Among the many games I've played (not exclusive to custom maps on Warcraft III), NotD: AM has not only a good theme, but a good story, mechanics, quality, and entertainment factor (It's quite frequent as you garner more in-game experience to be given such nasty surprises that you're literally awed (and some have reported 'shaken'/shaking) by what you've just seen--as survival/adventures go, this game is a must). The only thing lacking is the above mentioned learning curve, which makes the game seem repetitive and downright impossible to most.

As you gain experience you rank up, following the path of ranks that a USMC participant would. With the ranks come prerogatives that further improve survivability (as you rank up the game gets more difficult) and allow you to function more efficiently. Not to mention the prestige that comes with such ranks.
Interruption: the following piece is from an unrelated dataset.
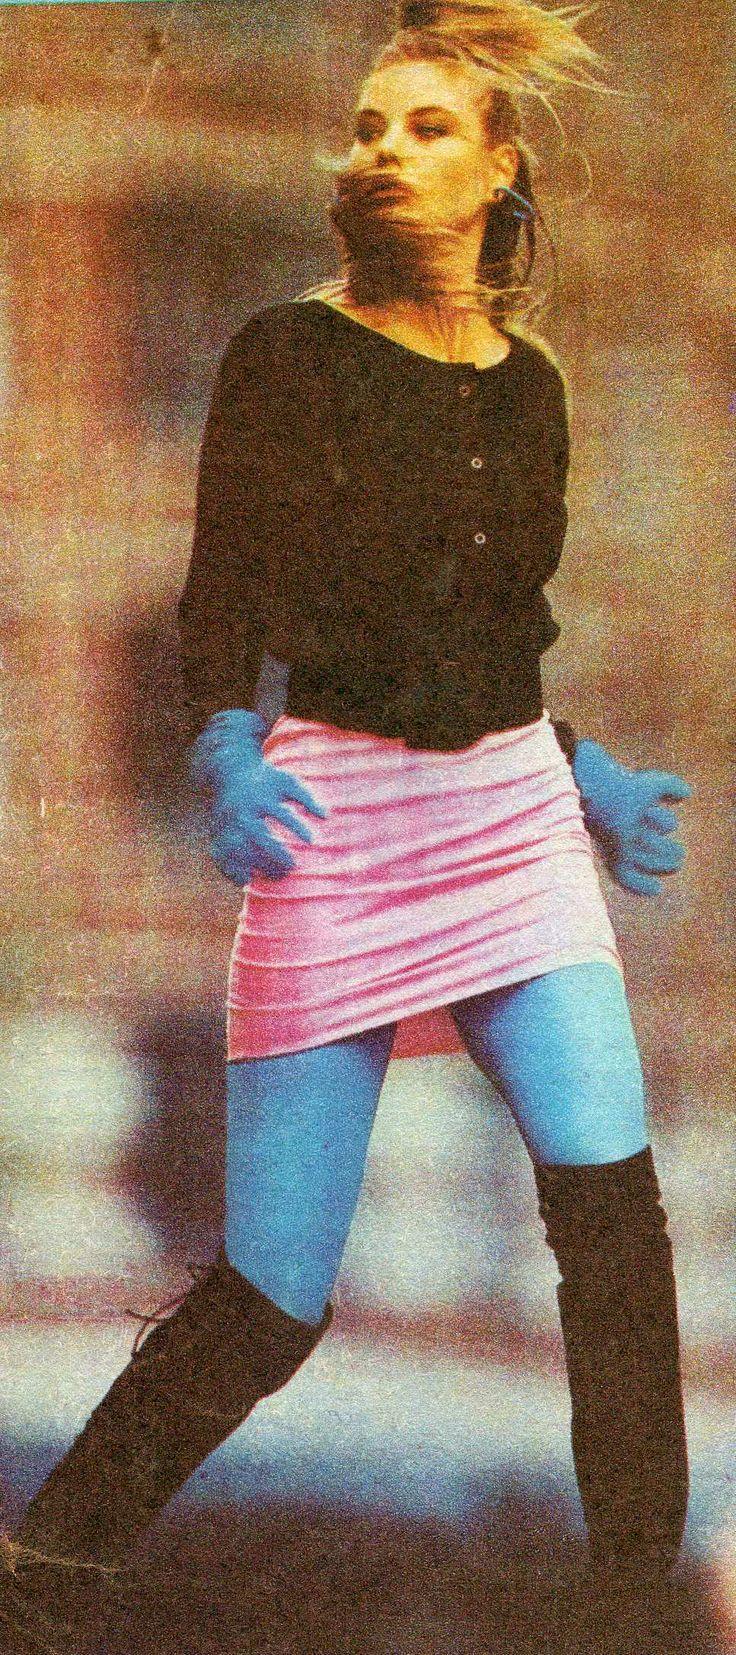 "from ""tylko dla ciebie"" wydawnictwo specjalne ""ŚWIATA MODY"" nr 1 '1988  models reprint from Harper's Bazar, Brigitte, Elle, Freundin, Annabella, Grazia."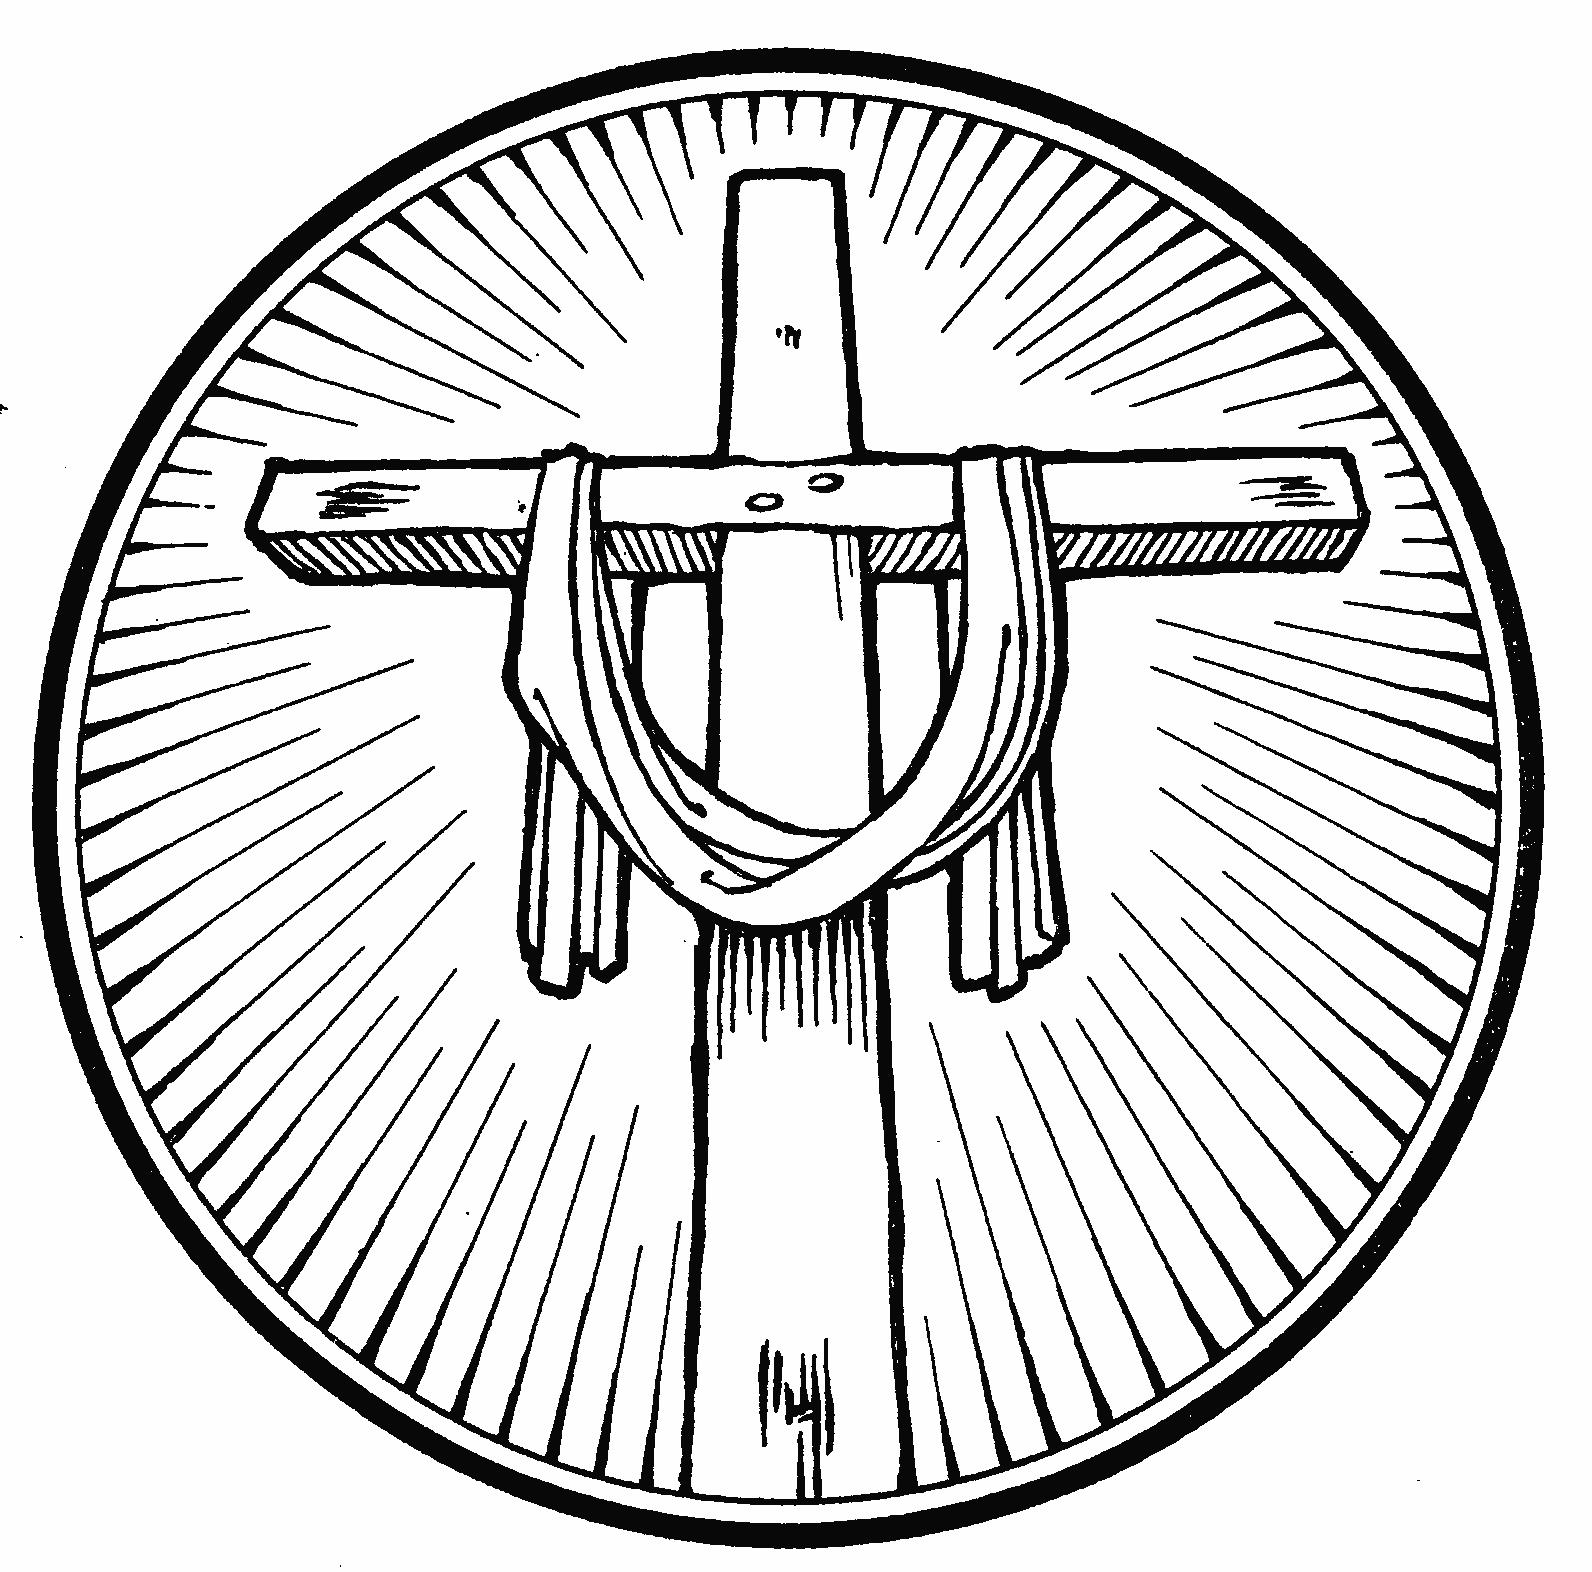 Black And White Easter Cross Clip Art - ClipArt Best

Enough with the advertising: is their any one on these forums who plays this game? What do you yourself think of it? What's the best/worst experiences you've had? And so on.

Edit: any questions you have regarding this game or any aspect of this game? Any information you'd like to add to mine? Questions on more obscure things in the game, such as Order 66? Ask away.


----------



## Rinman (Jul 17, 2009)

Is this related to the tabletop game?


----------



## dustinzgirl (Jul 17, 2009)

Rinman said:


> Is this related to the tabletop game?



No, I think this is the PC RPG

Prefer the table RPG myself!


----------



## Pravuil (Jul 17, 2009)

Meh, didn't know there was a table-top RPG for NOTD. Doesn't come as a surprise since there's table-top RPGs for everything these days, Dora the Explorer not excluded. By the way, has any one played the new Dora the Explorer RPG?  To quote a five year-old cousin, the said RPG is "a ravishing translation on the commercial 'Dora the Explorer' programme and an insightful take on the rather posing intricacies of the Spanish language."

Might have to try it meself; the NOTD RPG, not DtE. Is there an official website for the NOTD RPG?


----------